Coverage analysis
What 30 minutes on foot covers in Shreveport.
Red River border city where limited bridge crossings magnify the market divide between Shreveport and Bossier City and casino traffic inflates Bossier's vehicle counts above true household demand.
At 30 minutes on foot, the Shreveport walk-time isochrone captures the extended walking catchment — a wider pedestrian catchment used for destination walking, accessibility auditing, and urban mobility analysis. Unlike a simple ≈ 2.4 km radius circle, the real pedestrian-network polygon follows Shreveport's actual street grid, accounts for crossings, parks, and dedicated walk paths, and contracts sharply around freeways, rail corridors, and waterways that break pedestrian continuity.
Walk-shed area at 30 minutes: ≈ 3–8 km². The 30-minute isochrone is the standard input for destination-retail catchment analysis and mixed-use corridor planning.

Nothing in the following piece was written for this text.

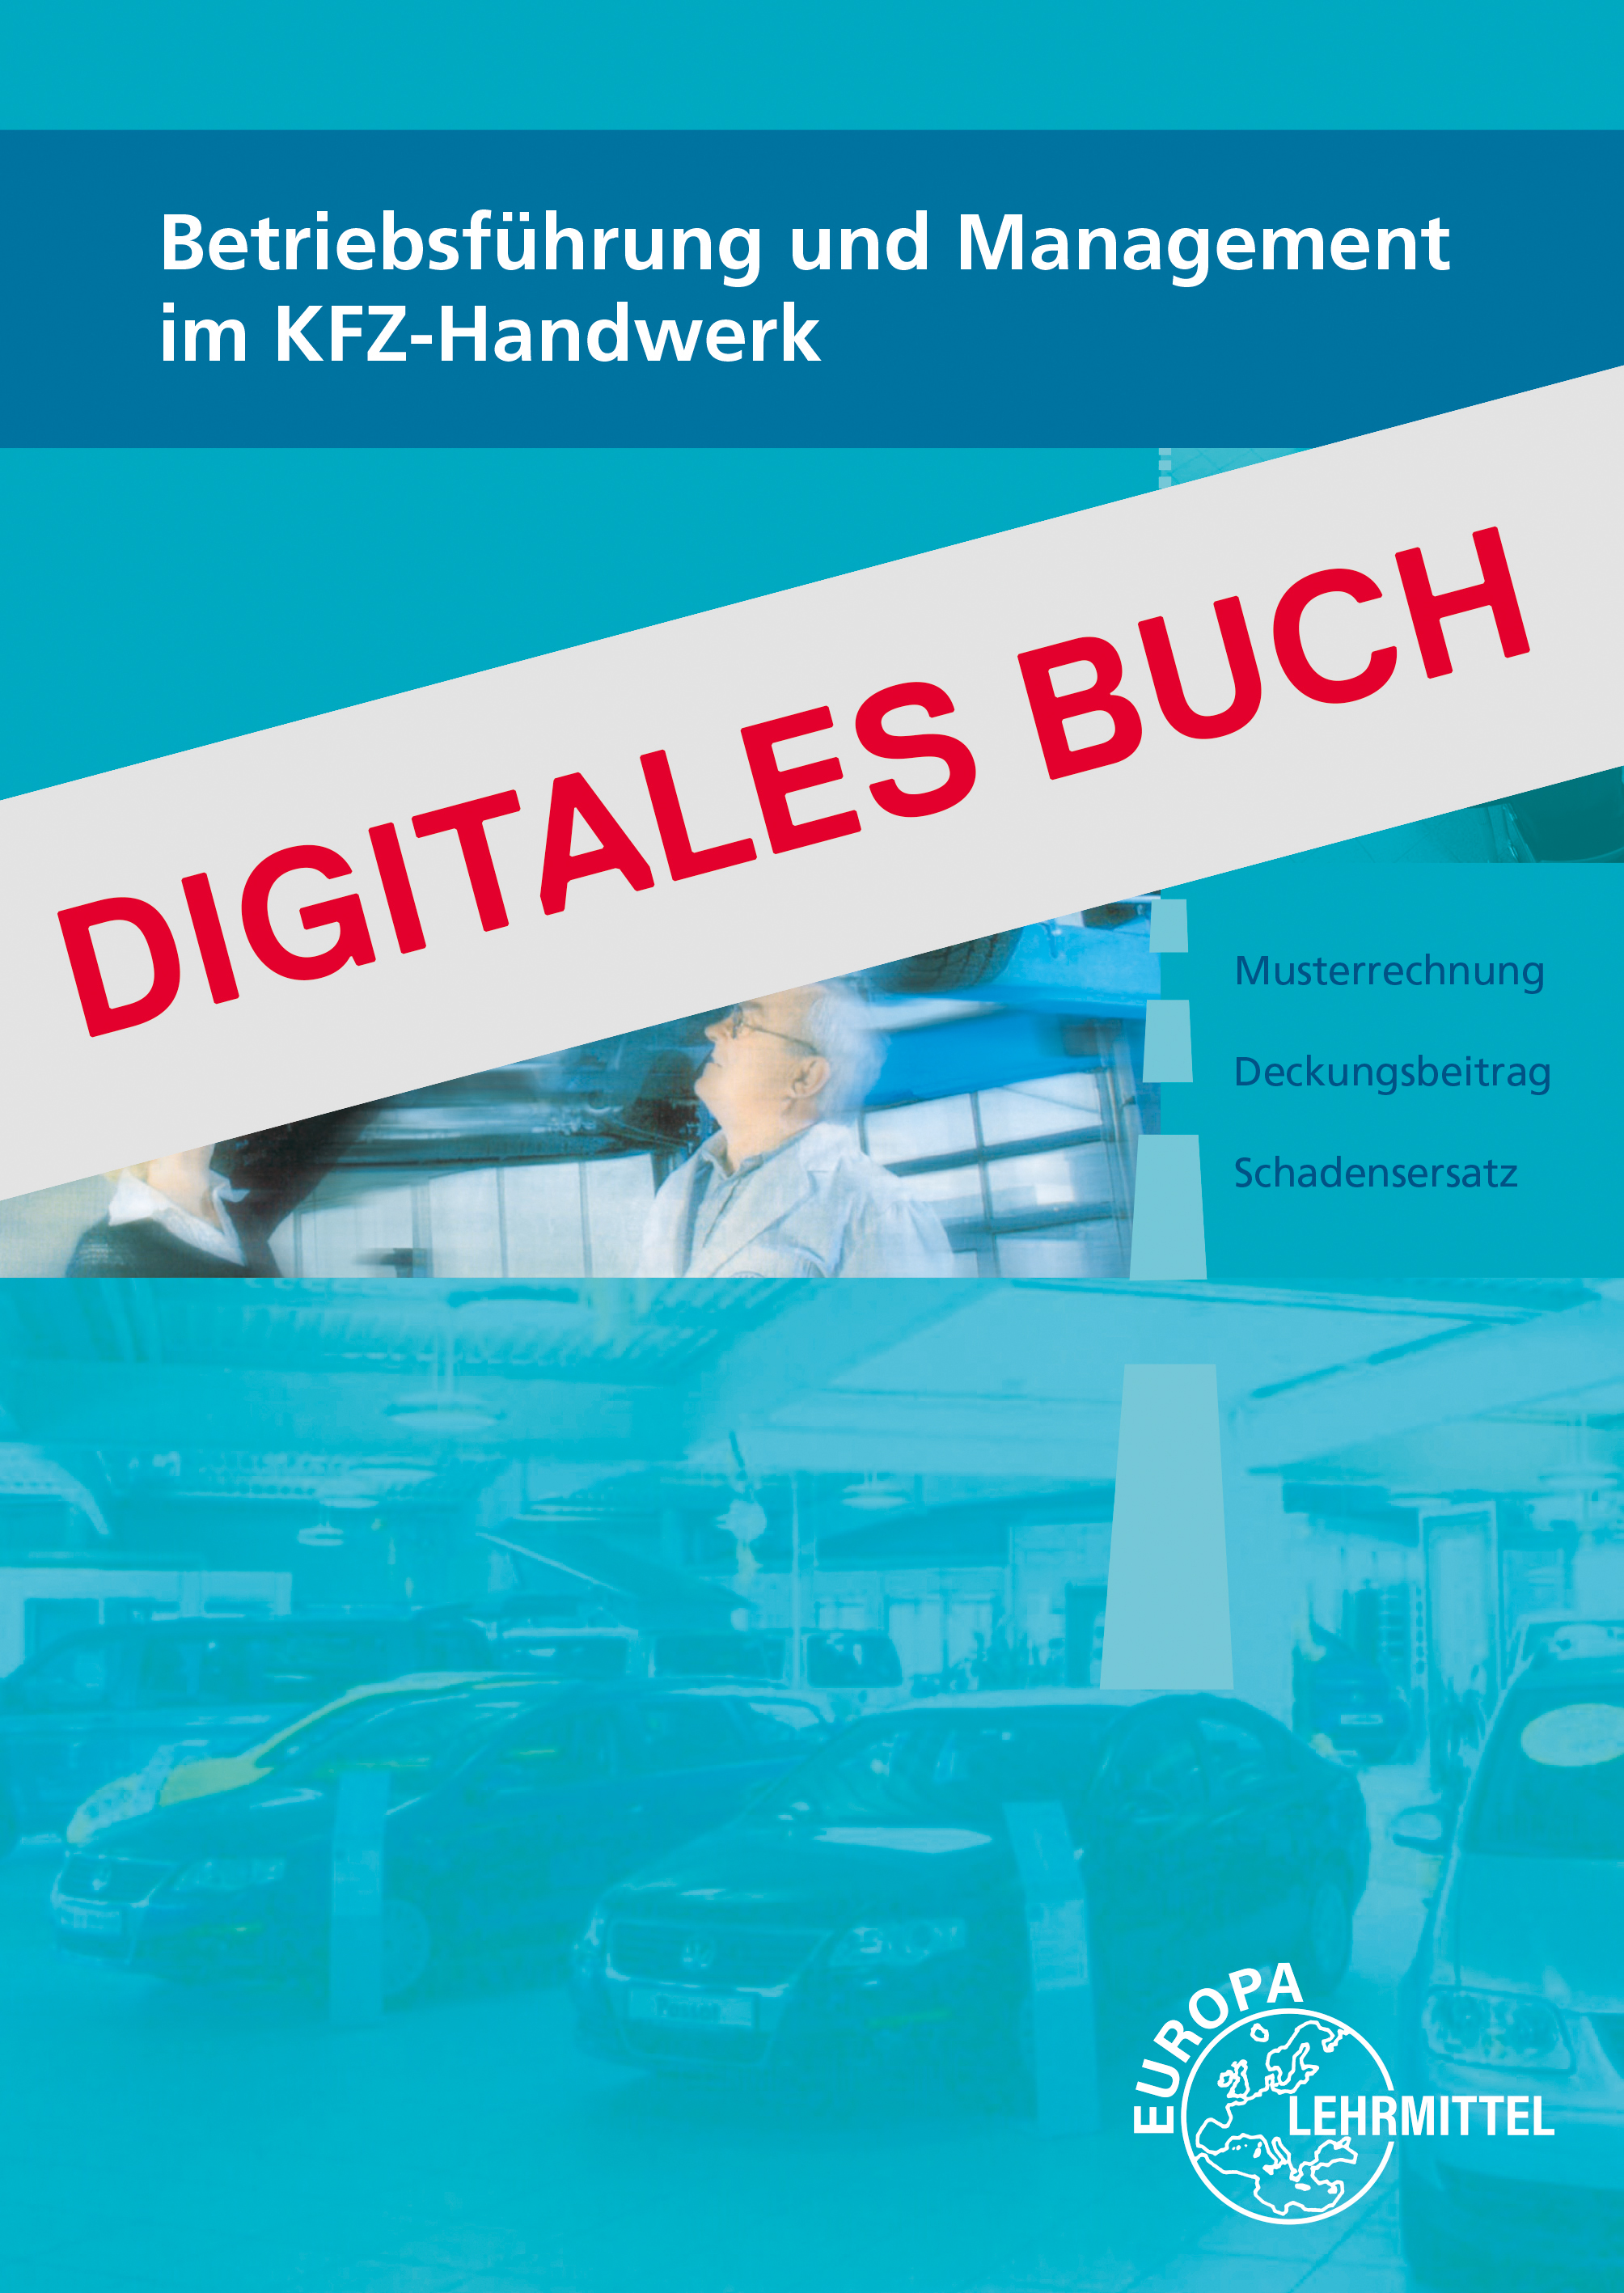 Betriebsführung und Management im KFZ-Handwerk - Digitales Buch

The city-level population of 175,702 and a median household income of $44,700 give a sense of Shreveport's density, but the figure that matters for walkable-retail siting is the population inside the pedestrian polygon — not the city as a whole. That number shifts dramatically depending on whether you're anchored in a high-density urban core or a lower-density neighbourhood where blocks are long and crossings are scarce. Use the tool above to set your actual candidate address, then generate the isochrone to see the real walk shed.